- [Provided entries]:
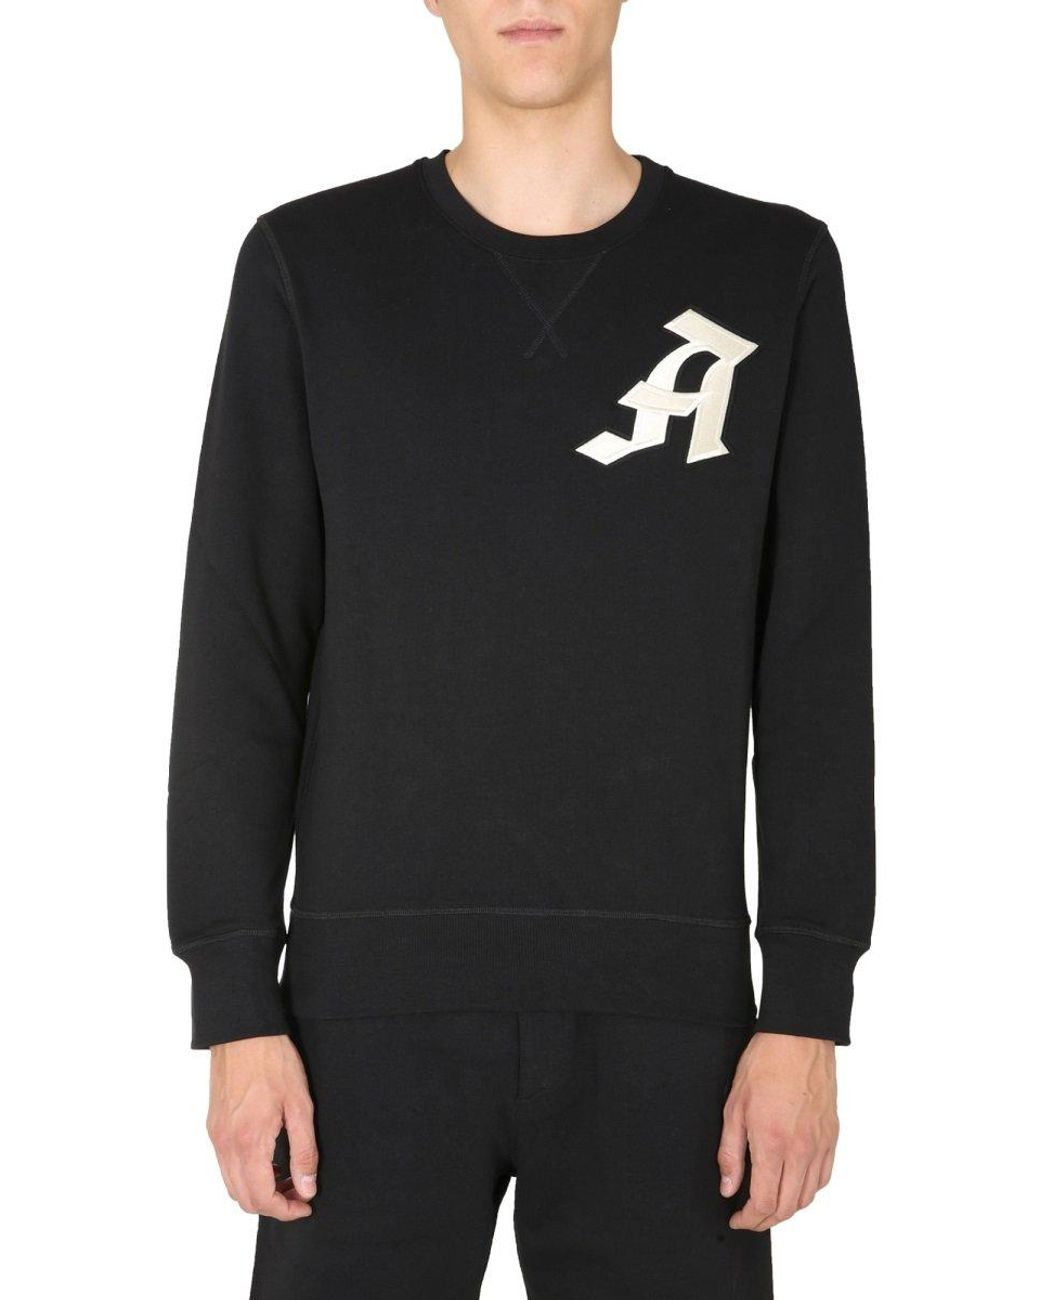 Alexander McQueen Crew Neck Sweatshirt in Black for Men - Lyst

---

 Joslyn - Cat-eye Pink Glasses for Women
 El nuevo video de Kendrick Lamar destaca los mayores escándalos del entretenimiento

---

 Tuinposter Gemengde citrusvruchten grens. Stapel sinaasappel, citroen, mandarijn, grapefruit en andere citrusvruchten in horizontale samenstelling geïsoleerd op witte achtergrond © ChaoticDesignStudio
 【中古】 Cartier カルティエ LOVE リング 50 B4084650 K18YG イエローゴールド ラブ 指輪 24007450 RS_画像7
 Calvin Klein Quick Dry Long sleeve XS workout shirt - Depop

- [Problem description]:
Take the line above containing "Joslyn - Cat-eye Pink Glasses for Women", the line containing "El nuevo video", and all lines in between, and copy them exactly without anything else.

- [Result below]:
 Joslyn - Cat-eye Pink Glasses for Women
 El nuevo video de Kendrick Lamar destaca los mayores escándalos del entretenimiento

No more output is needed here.